Ancient Rome sought to subjugate and eradicate the founding cultures of the people it dominated and it did so through the use of cruelly effective punishment against all those who fomented organized defiance. The European maritime countries like Spain, Portugal, France and England shipped their religion and their culture to other, primitive societies (South-Central America; North America) unable to counter the relentless advance of a superior military.
They also sought to advance their trade, and to take ownership of the vast and impressive natural resources of countries like India and China, and those of the Middle East, along with African countries, in a great imperialistic sweep of triumphant hegemony-and-resource-gathering. And they fought among themselves for ascendancy and priorities, and with other countries like Russia and eventually the United States, to achieve a greater territorial advantage for themselves.
The international community is comprised of a great many nations and geographic areas whose borders are far different than what might have been expressed in a natural ethnic or tribal territorial or geographic division, thanks to the interference of invading administrations, and that remains the nexus of many simmering little wars of ongoing enmity between tribes, both inter- and intra-country. China presents today as the world's foremost territorial-aggressor nation.

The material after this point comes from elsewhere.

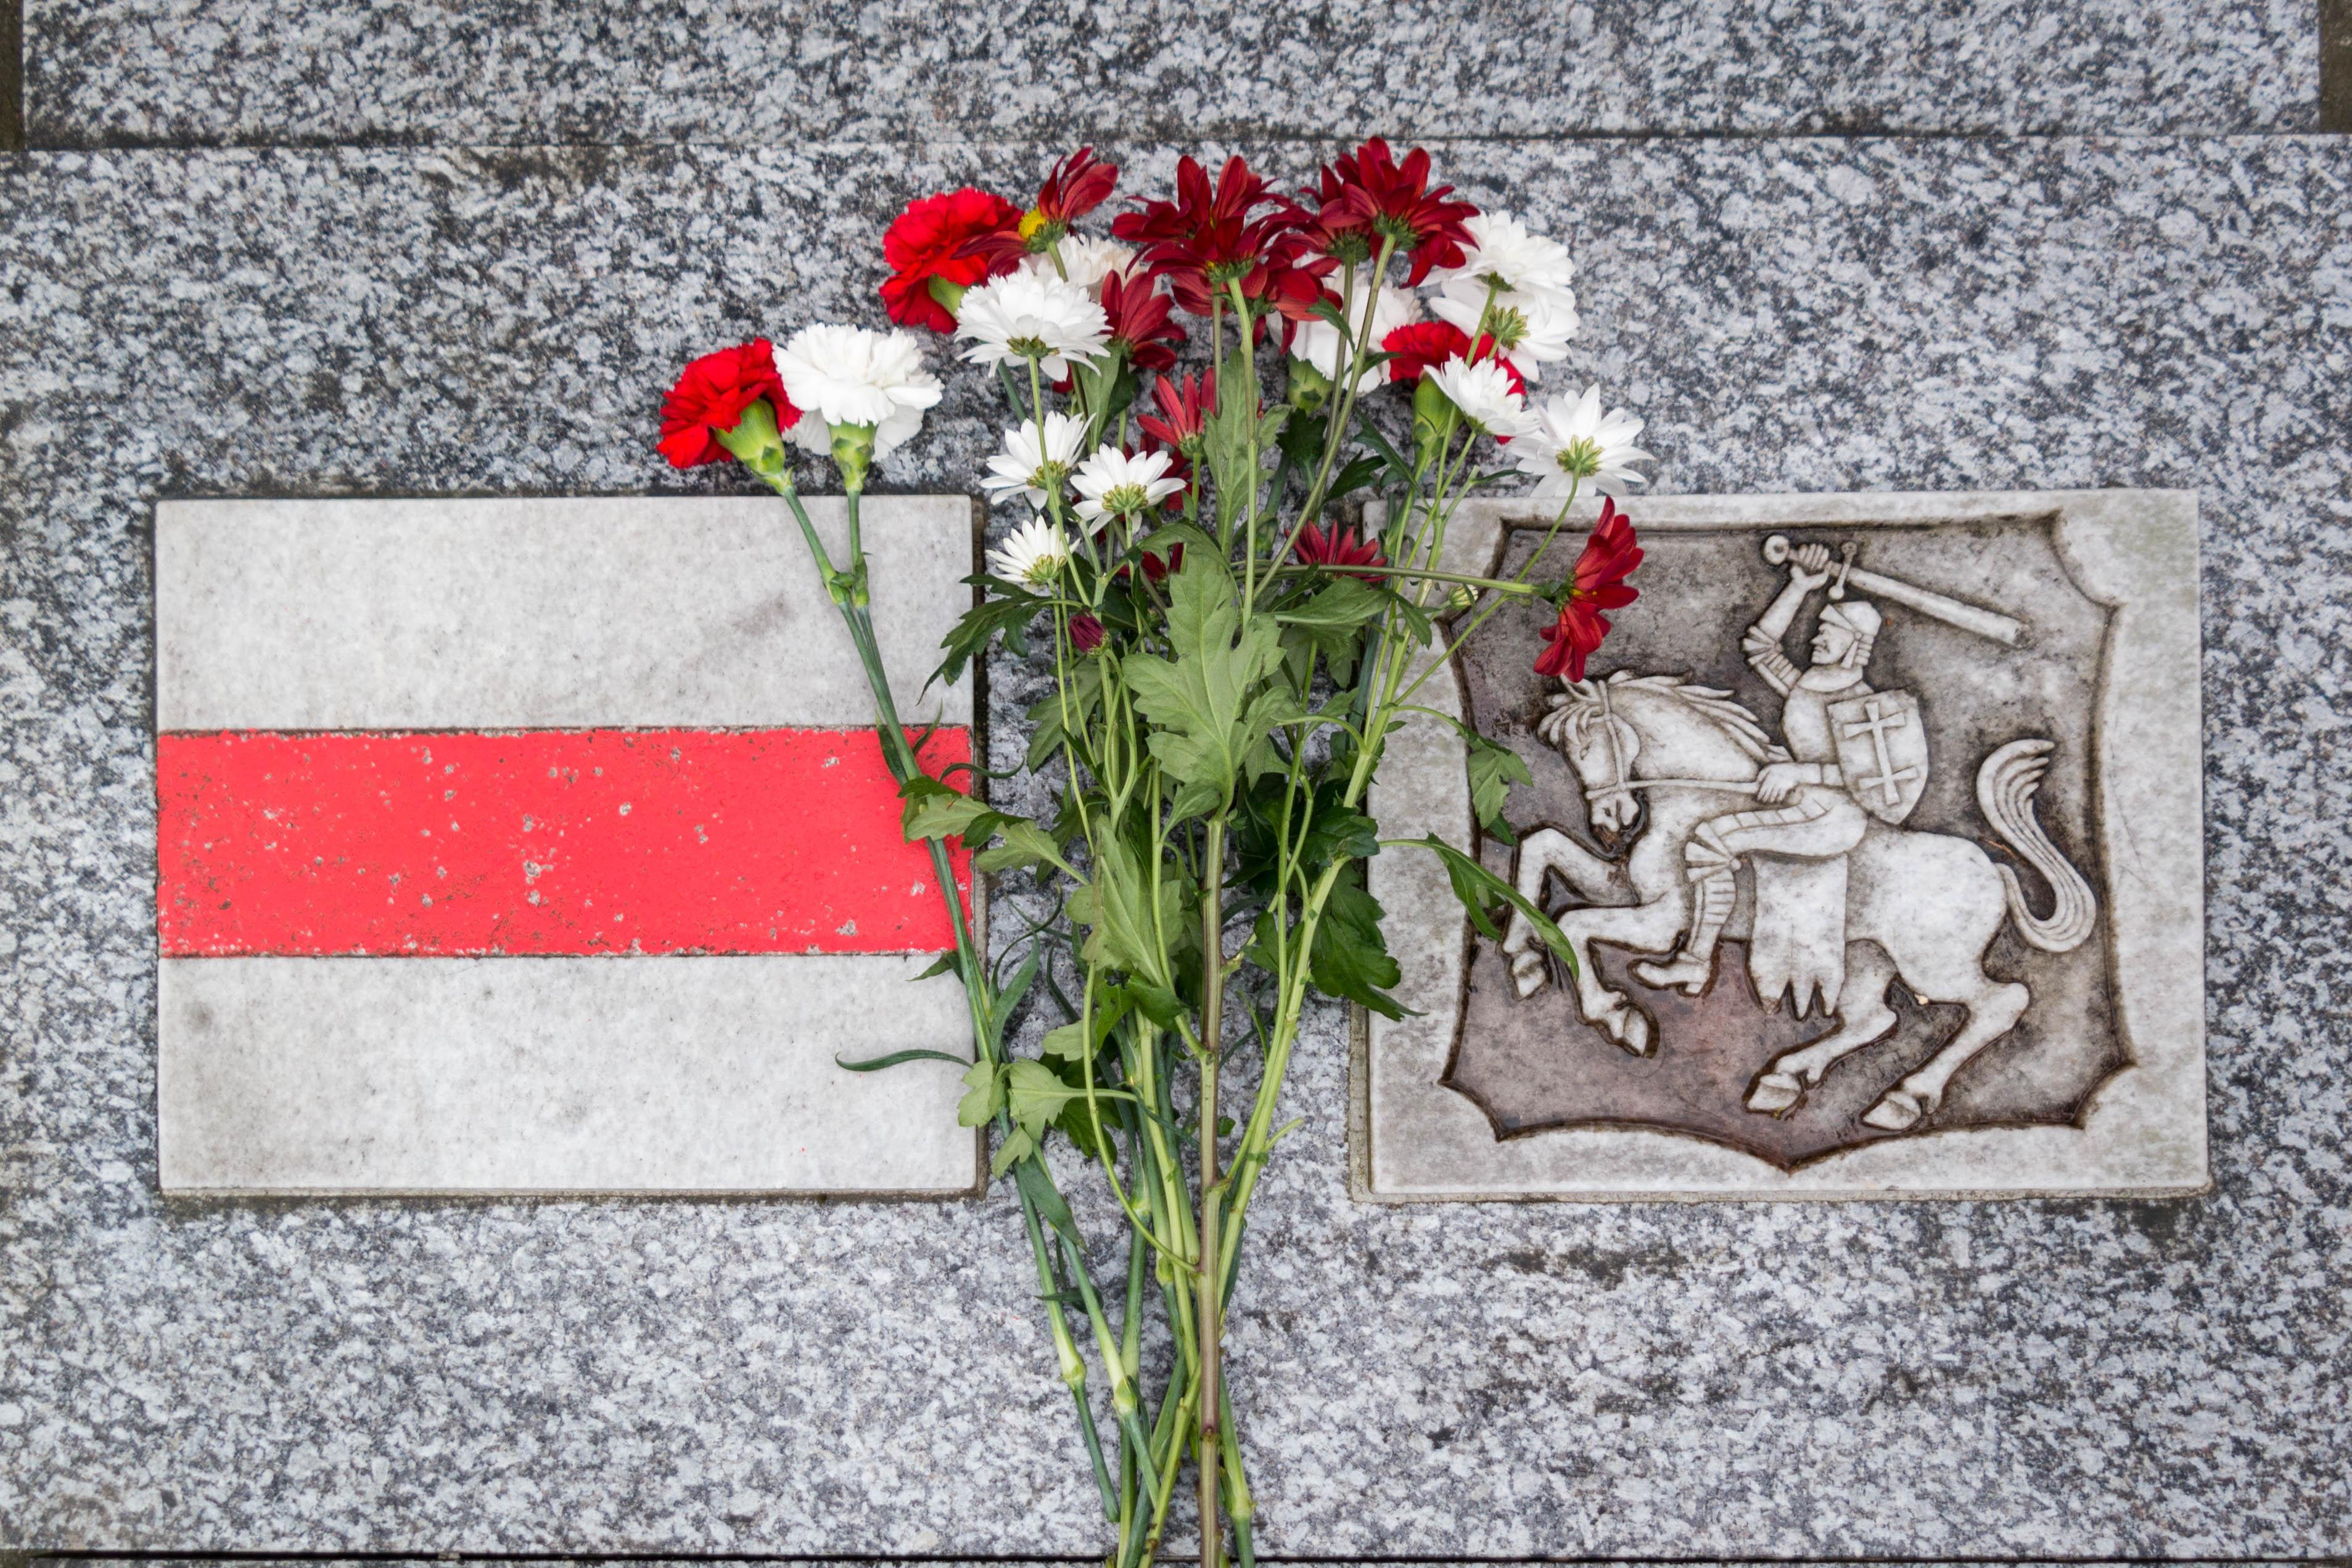 Ці былі «Пагоня» і бел-чырвона-белы сьцяг дзяржаўнымі сымбалямі БССР?

Currently, Russia still suffers the most blow-back of angry resentment from those countries surrounding it that were once subsumed into a (subservient coalition of) the greater United Soviet Socialist Republic. Great Britain, at least, left a useful heritage of jurisprudence and civil service administration behind when she withdrew from India. And while China does, likely, believe what it asserts when it says it is invested in equality of opportunity for all its disparate parts, the reality of human relations dictate otherwise.
From its anger over the defiant autonomy of Taiwan, to its insistence of territorial ownership of Tibet and its domination of the Xinjiang region, where Han Chinese have been flooding those territories to dilute, diminish and weaken the dominance of a majority population, China has an ongoing struggle on its hands to contain the grievances of native populations whose territories have been occupied by a foreign culture, religion (ideology) and heritage.
The ongoing resistance of Tibetans against Chinese domination of their ancestral home, insisting on their human rights to a measure of autonomy (yet hoping for outright independence), and the return of their revered Dalai Lama, presents as an insult to Beijing, an affront against its right to occupy and to govern as it sees fit. The continued resentment of the Uighurs, demonstrating against their belittled and undignified existence as a people deprived of their natural heritage another case in point.
China claims Uighurs bent on independence have joined themselves with international Islamists. The brutal clashes between the opposing groups of ethnic-equal populations in Urumqi - the Han Chinese, relatively newly imported to the region, and the traditional occupiers of the land, the Uighurs - spell out clearly enough that territorial conquest, although an ancient concept, insults the natural order of ethnic, tribal and religious rights.
For the Chinese, this presents as a problem of huge proportions, with the world's greatest population numbers whose numbers are increasing at a rate that the current territory is hardly sufficient to accommodate.